After repeating this for the whole set, and adding some verification to prevent repetitions or missing tracks, the whole dataset was collated into two dataframes: a table-shaped, and a row-wise one.

Data Analysis

Similarity Metric and Matrices

With these two dataframes in place, the first thing we did was to calculate the similarity between the vote-vectors of the participants. To do this, we take each one of the votes and use it as a vector in the shape:

voteVector(playerVotes) = [x1, x2, x3, ..., x48]

…where each xn entry represents the number of votes allocated to the track n (sorted globally) from 1 to 8 (the number of tiers).
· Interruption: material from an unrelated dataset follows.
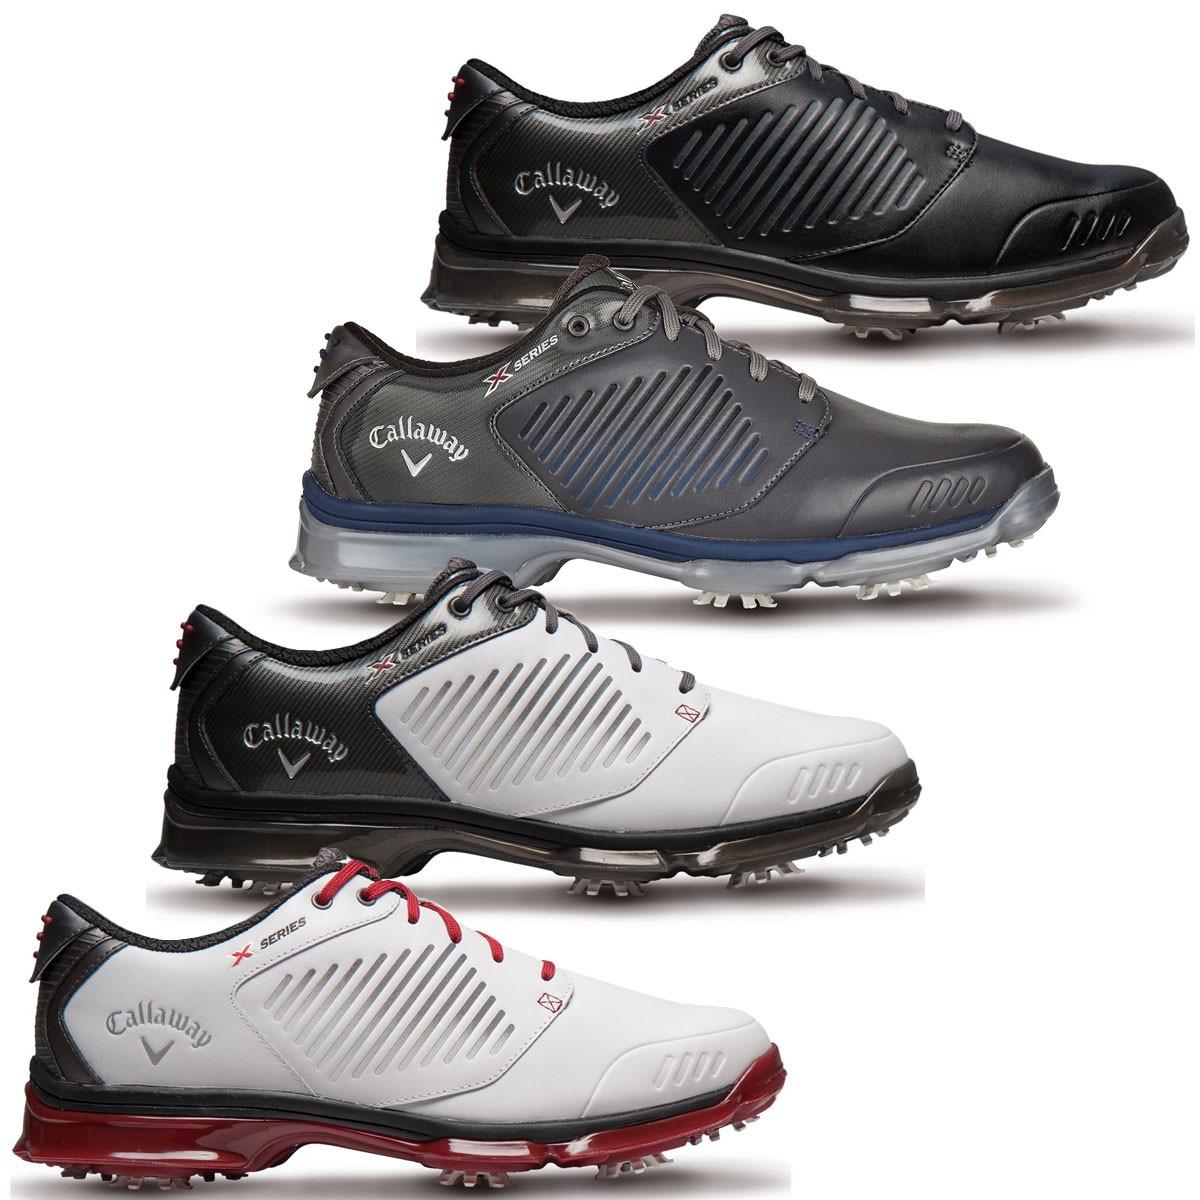 ergonomic chair joe rogan christmas covers canada callaway golf shoes 2019
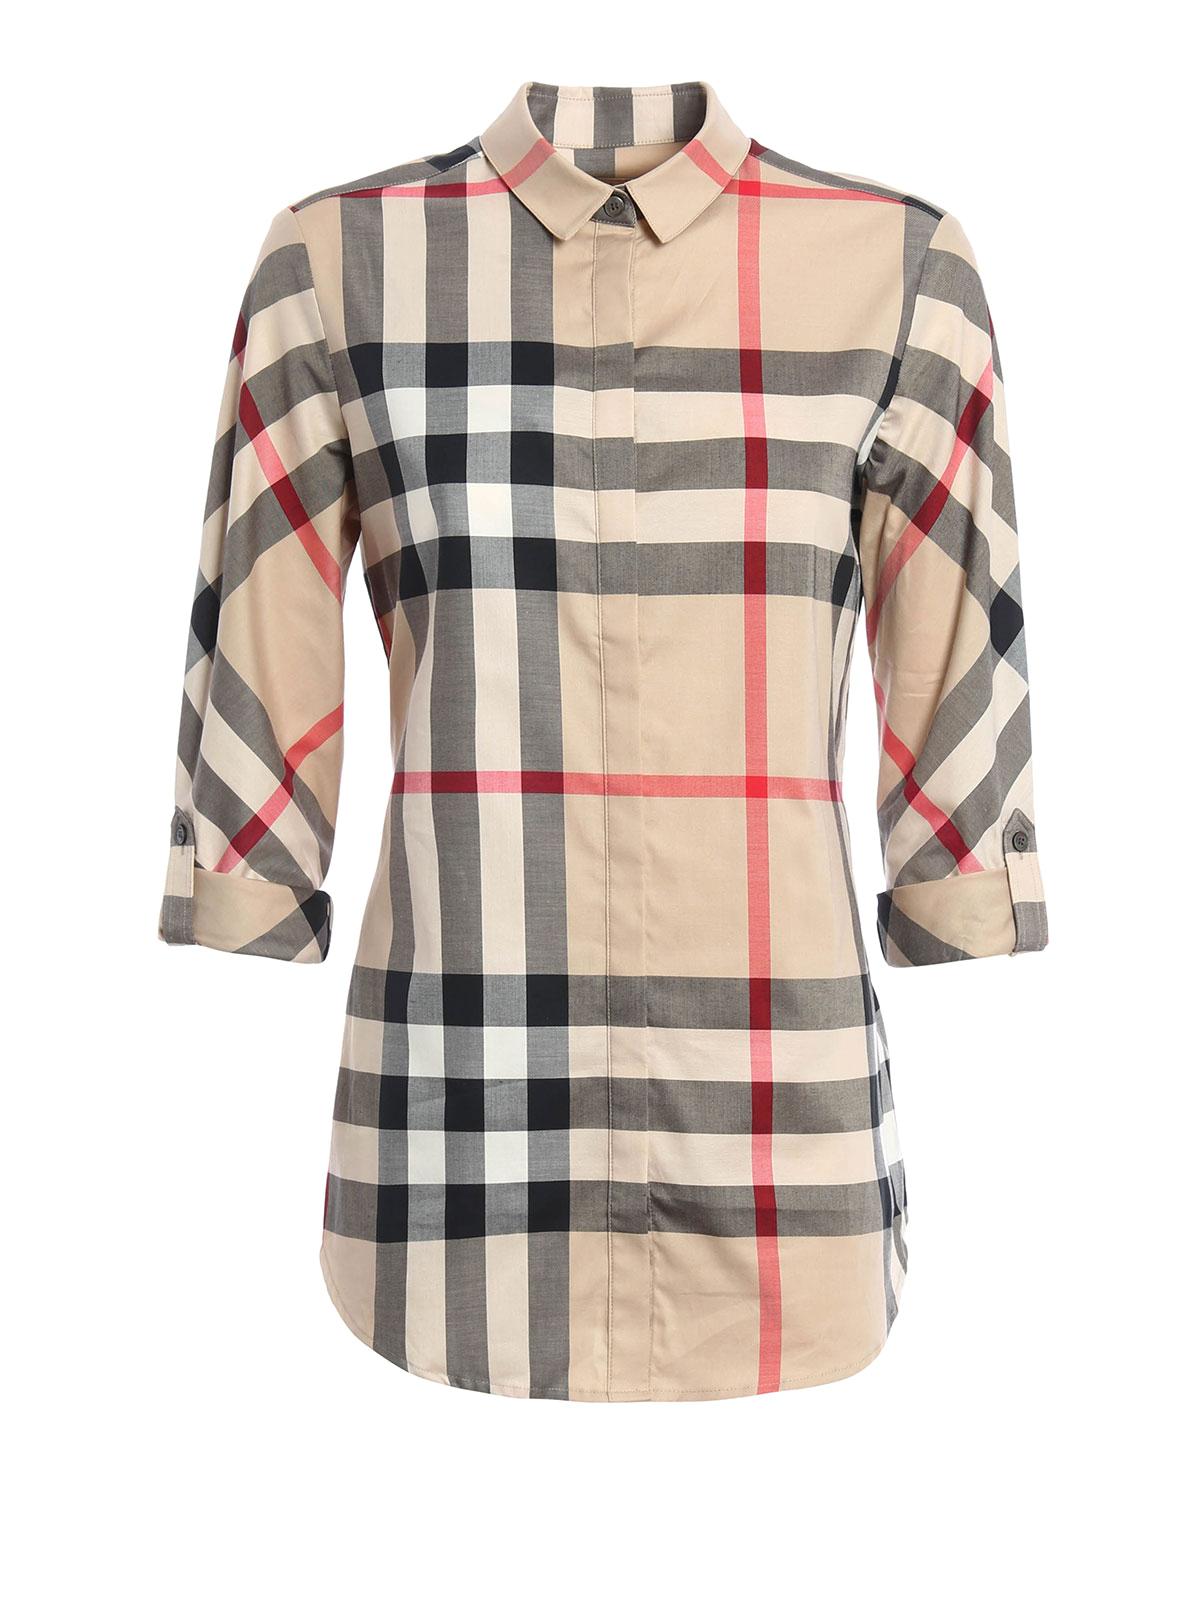 Para Marrón Camisa Mujer 3918091 Camisas Burberry qB18S

For example, given the global sorting:

TRACKS = [
    'Mario Kart Stadium', 'Water Park', 'Sweet Sweet Canyon', 'Thwomp Ruins',
    'Mario Circuit', 'Toad Harbor', 'Twisted Mansion', 'Shy Guy Falls',
    'Sunshine Airport', 'Dolphin Shoals', 'Electrodrome', 'Mount Wario',
    'Cloudtop Cruise', 'Bone-Dry Dunes', "Bowser's Castle", 'Rainbow Road',
    'Wii Moo Moo Meadows', 'GBA Mario Circuit', 'DS Cheep Cheep Beach', "N64 Toad's Turnpike",
    'GCN Dry Dry Desert', 'SNES Donut Plains 3', 'N64 Royal Raceway', '3DS DK Jungle',
    'DS Wario Stadium', 'GCN Sherbet Land', '3DS Music Park', 'N64 Yoshi Valley',
    'DS Tick-Tock Clock', '3DS Piranha Plant Slide', 'Wii Grumble Volcano', 'N64 Rainbow Road',
    'GCN Yoshi Circuit', 'Excitebike Arena', 'Dragon Driftway', 'Mute City',
    "Wii Wario's Gold Mine", 'SNES Rainbow Road', 'Ice Ice Outpost', 'Hyrule Circuit',
    'GCN Baby Park', 'GBA Cheese Land', 'Wild Woods', 'Animal Crossing',
    '3DS Neo Bowser City', 'GBA Ribbon Road', 'Super Bell Subway', 'Big Blue'
]

…the initial part of my voting vector would look like:

voteVector(playerVotes) = [6, 3, 4,...,7 ,8 ,8]

because these were the votes I assigned to “Mario Kart Stadium”, “Water Park”, “Sweet Sweet Canyon”, “GBA Ribbon Road”, “Super Bell Subway”, “Big Blue”; respectively. Repeating this for all the players gives us a set of vectors V(player) upon which we can calculate the distances using some similarity metric (such as euclidean distance or manhattan distance). In the case of this application, we tried both the euclidean and cosine distances, both of which returned similar results in clustering, so we used the cosine metric.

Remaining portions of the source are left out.